BlackRock reported a better-than-expected first quarter on Tuesday, but the more revealing signal sat beneath the earnings beat.

The world’s largest asset manager posted higher profit on strong exchange-traded fund inflows and a sharp jump in performance fees.

Yet assets under management slipped to $13.89 trillion from the record $14.04 trillion reached at the end of 2025, a reminder that even BlackRock’s powerful fee machine still depends heavily on market levels and asset scale.

The quarter was solid, but the deeper story was more complicated.

Fee strength drove the beat

On the surface, the numbers were strong.

BlackRock’s first-quarter net profit rose to $2.21 billion, or $14.06 a share, from $1.51 billion, or $9.64 a share, a year earlier.

Total net inflows reached $130 billion, with the bulk going into iShares ETFs, while private markets pulled in another $9 billion.

Performance fees, one of the clearest signs that BlackRock is earning more from higher-margin strategies, jumped to $272 million from $60 million a year earlier.

That mix matters because it shows BlackRock is not relying only on market appreciation or traditional index products to lift earnings.

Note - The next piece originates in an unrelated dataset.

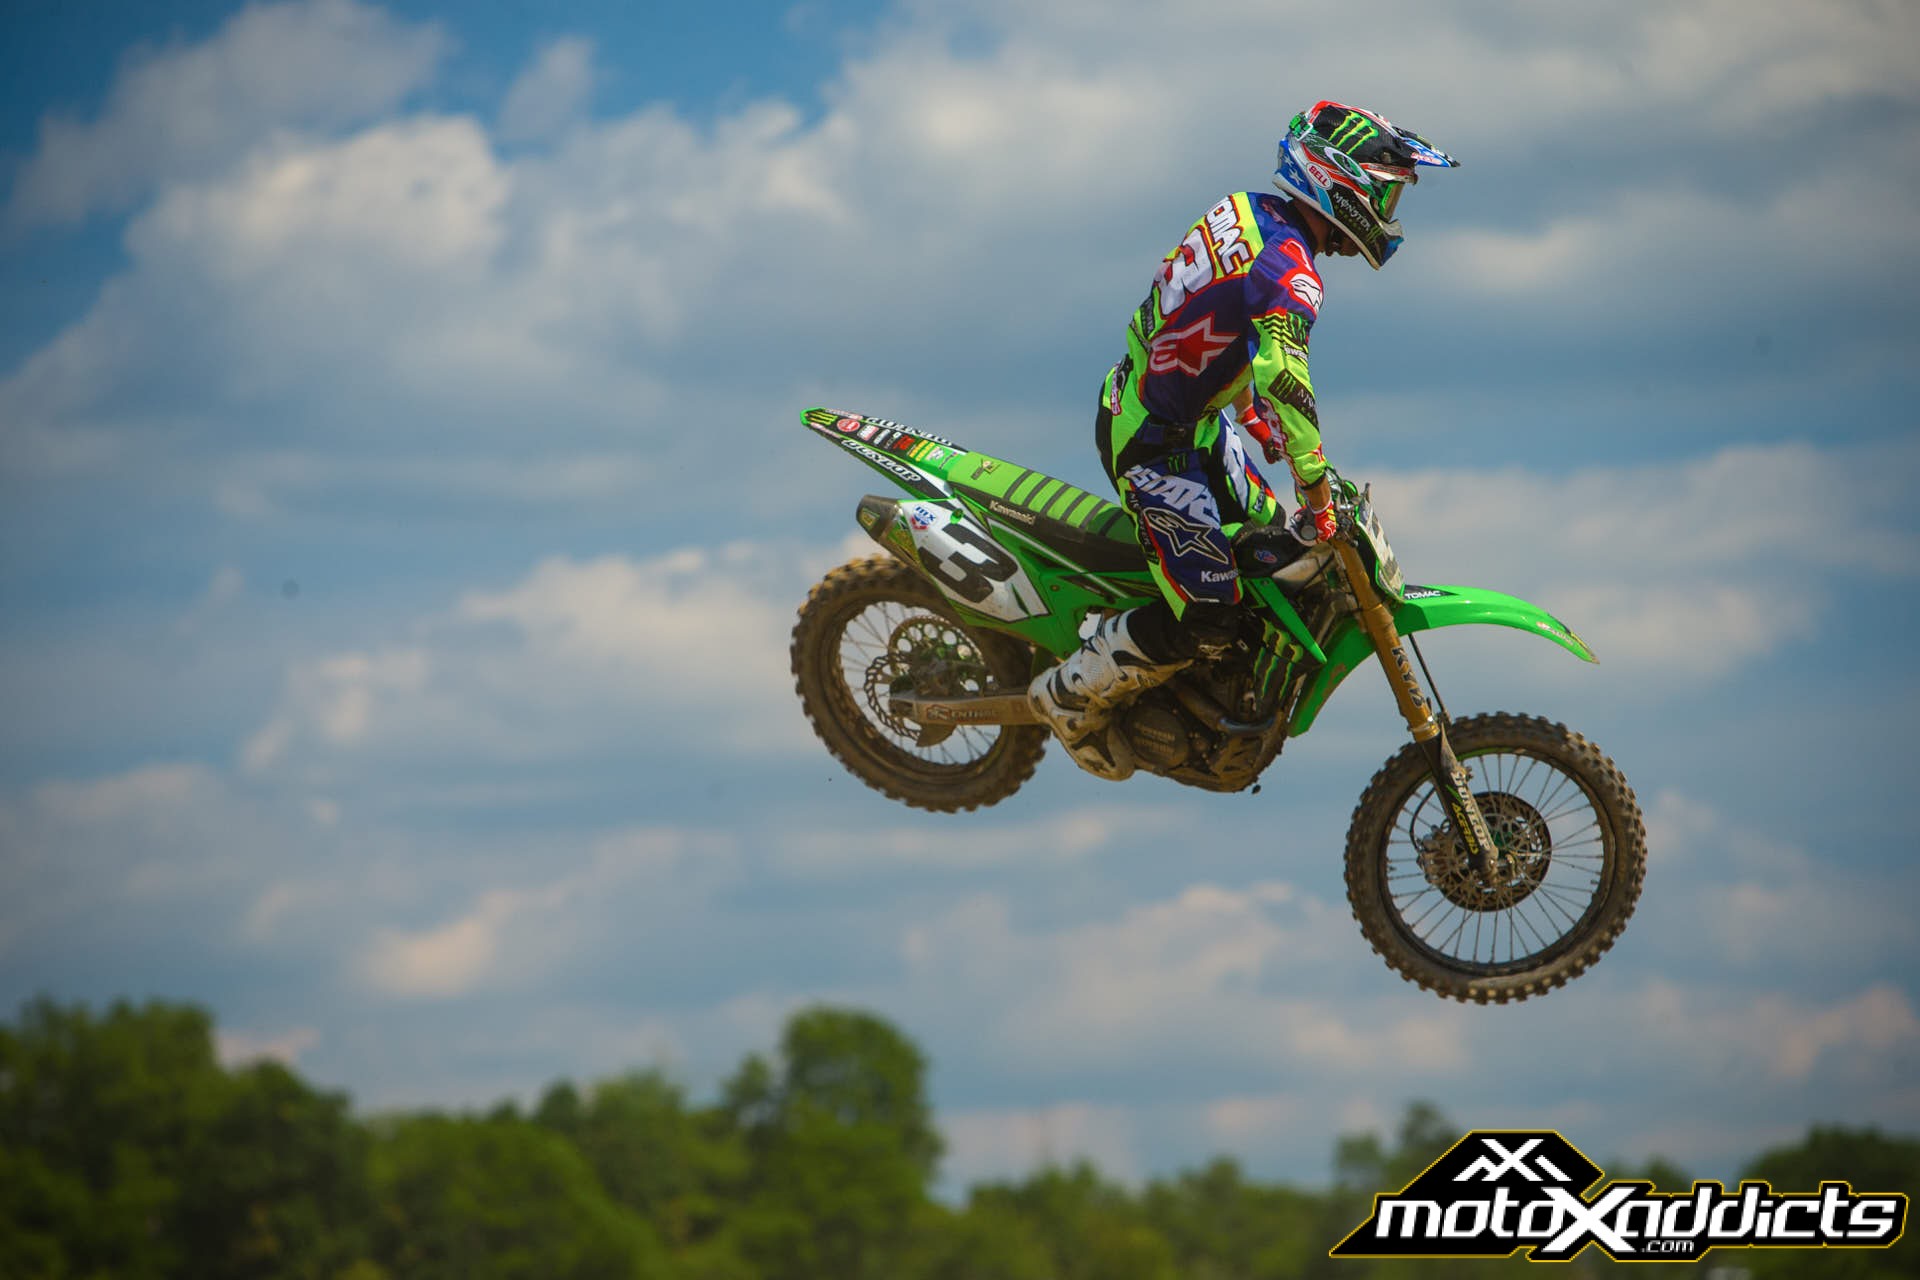 Eli Tomac finally saw the #94, but a mistake gave it an anticlimactic finish.

It is also extracting more value from active ETFs, alternatives and other businesses that generate richer fees.

The AUM dip matters more

That is why the decline in assets under management deserves more attention than the headline profit number.

BlackRock’s AUM came in at $13.89 trillion, up sharply from $11.58 trillion a year earlier but down from the $14.04 trillion record set in the fourth quarter of 2025.

The sequential decline was driven by falling markets, which reduced the value of client portfolios even as the firm continued to attract fresh inflows.

In simple terms, clients were still investing with BlackRock, but markets were no longer doing as much of the heavy lifting.

For an asset manager, AUM is not just a vanity metric. It is the basis on which future fees are earned.

Most of BlackRock’s revenue still rises and falls with the level of assets it manages, so even a healthy inflow quarter can look less powerful if market declines offset part of that progress.

That does not mean BlackRock’s business is weakening, but the quarter was less clean than the earnings beat alone suggests.

How long can a fee mix offset softer asset momentum?

That leaves investors with a bigger strategic question.

BlackRock has spent the past several quarters building out businesses that generate better fees per dollar managed.

That gives it a cushion when broad market conditions are less supportive.

It is one reason the company can post stronger earnings even during a quarter when AUM slips from its prior peak.

But there are limits to how far the fee mix can carry the story if market volatility continues and the asset base loses momentum.

BlackRock shares were down 4.4% so far in 2026, slightly better than the S&P 500’s 4.6% decline but still reflecting some caution about the outlook.